The reports mostly referred to events that had taken place that day or the day before, but occasionally they’d refer to events that took place “last Thursday” or “last week” and so then you’d have to know what day the press release was issued and then make calculations accordingly. For this backwards-referring time assignations, I’m particularly interested (read: concerned!) to know how well my LLMs did. Whatever score we get, it’s probably fixable with a bit of manual parsing and logic, but we need to know if there’s a problem or not first.

Generally speaking there were province names assigned to incidents (all but 23, to be precise) but when they weren’t, then the LLM has to work back from a village name, potentially, or just specify that an incident took place in southern Afghanistan or Afghanistan as a whole. On a few occasions, the press release actually made an error, stating that village X or Y was in a particular province, when this was incorrect and it was in a different province. So for this, would we expect the LLM to assign the event to the correct province for that village, or just retain the error in the press release?

Sometimes a press release might refer to an event having taken place “in the provincial capital of X province” but without mentioning that city by name.

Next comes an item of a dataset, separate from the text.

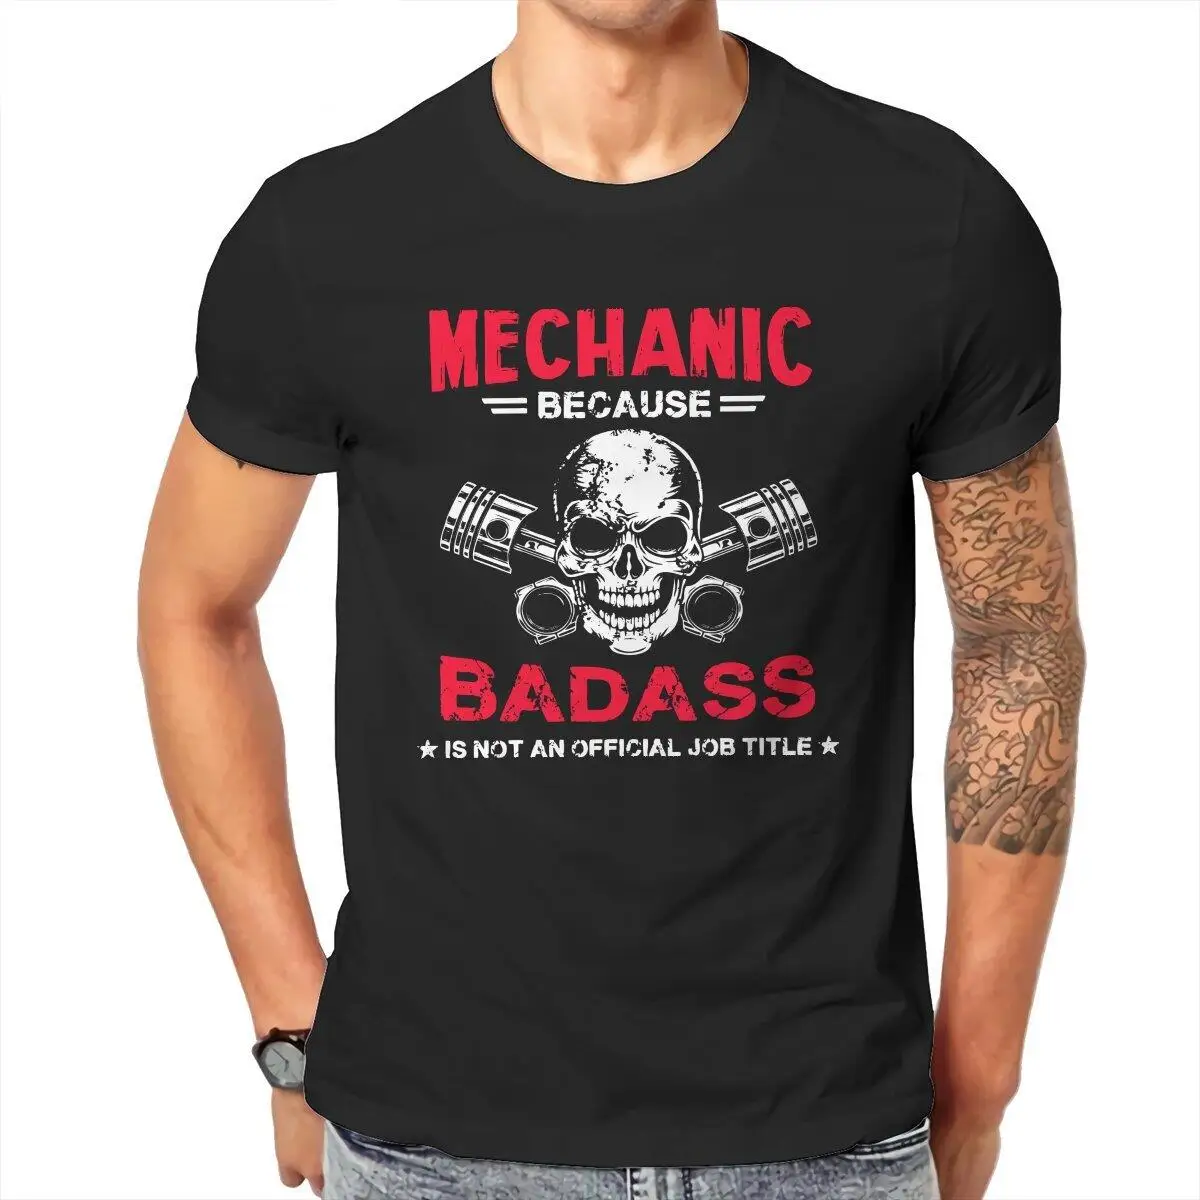 Mechanic Because Badass Is Not Official Job Title T-Shirt for Men Cotton Tees Round Collar Short Sleeve T Shirts Party Clothing
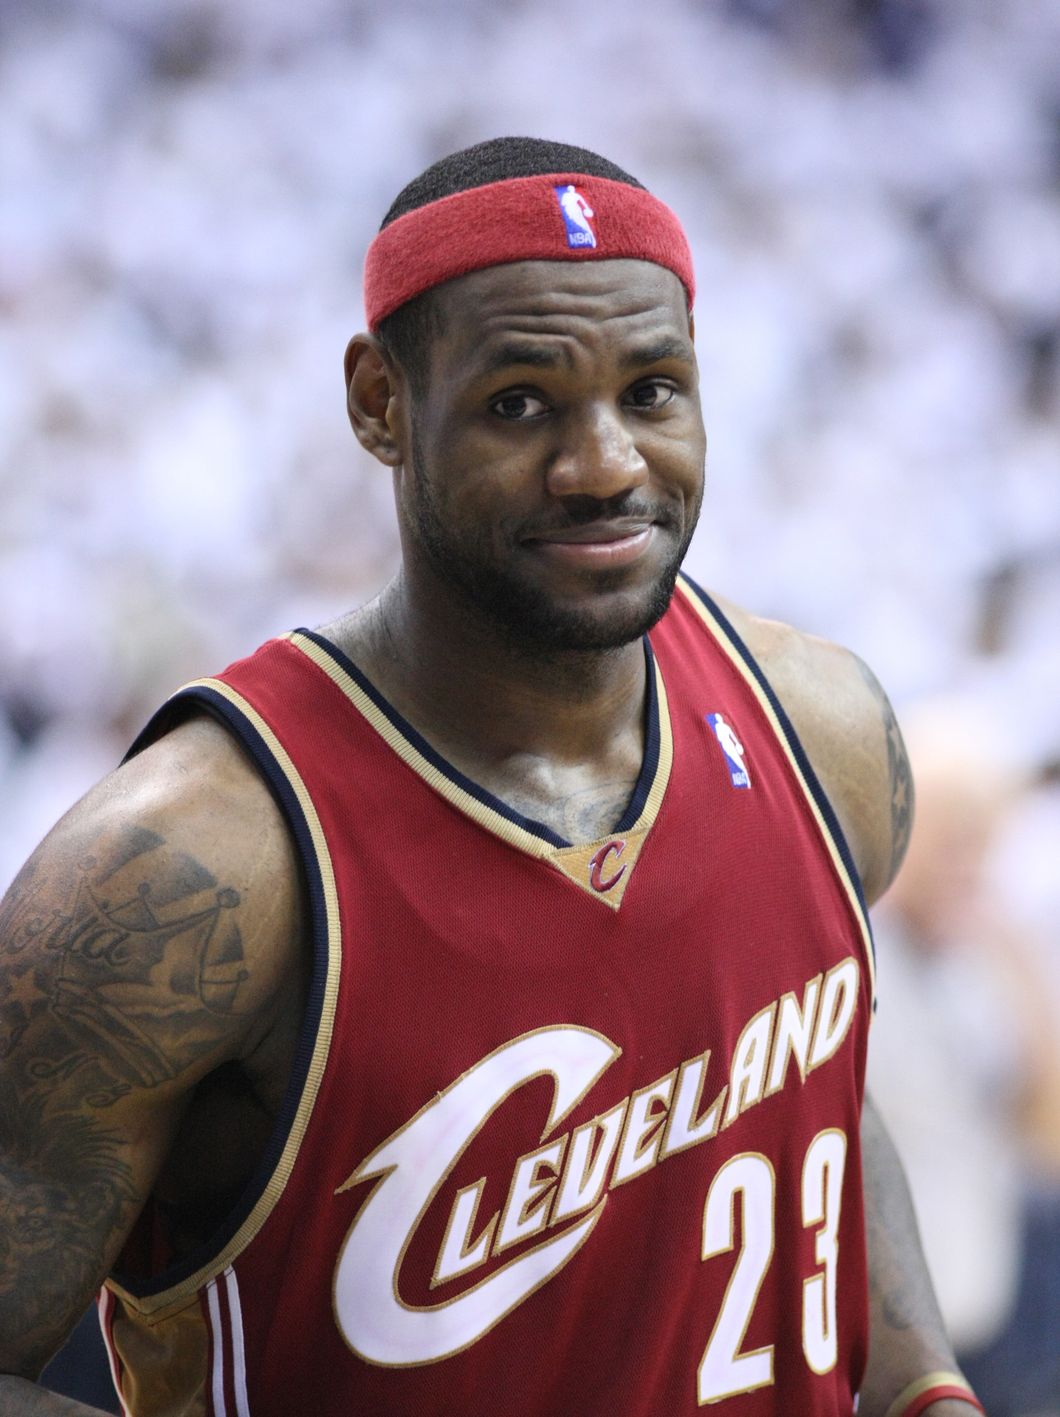 Lebron James’s HBO Special Discusses Race, Sports, and Politics Like Never Before

So the LLM will have to have some knowledge of these things and I want to test how well it performs with this.

These might seem like tiny errors to get wrong, but for a project like this (where my report was making some strong accusations and drawing certain conclusions based on the data), it wouldn’t do to get things factually wrong. For an internal-facing LLM-powered chatbot, the price of mistakes is minimal, but for a project like this, there are potentially far more serious consequences which is why I’m putting together such detailed evaluations.

Spelling variation

Another issue with some of the press releases is that they use a variety of spellings for the same locations or names of individuals. For some things — province names, for example — it makes sense to standardise on a fixed naming convention but for others it’s not always clear what to do. So our evaluation should ensure that common variations of certain provinces or designations or names are captured correctly by the LLM output.

Complex stories

Some stories are very complicated and there may be no correct way to assign numbers, for example, to the text that was published. In those cases when annotating I often just left the minimum numbers at zero even though we know that something happened. Would the LLM also make the same call? What is the threshold for deciding not to take a chance on making a guess?

Next step

The obvious next step is to actually code up these evaluation criteria and run those across our fine-tuned LLMs as well as the API-driven proprietary ones. I’ll be working on that over the coming days. Luckily, I did most of the work to identify all of the above when I first wrote the report so there isn’t much ground that needs to be broken so much as just sitting down and getting it done.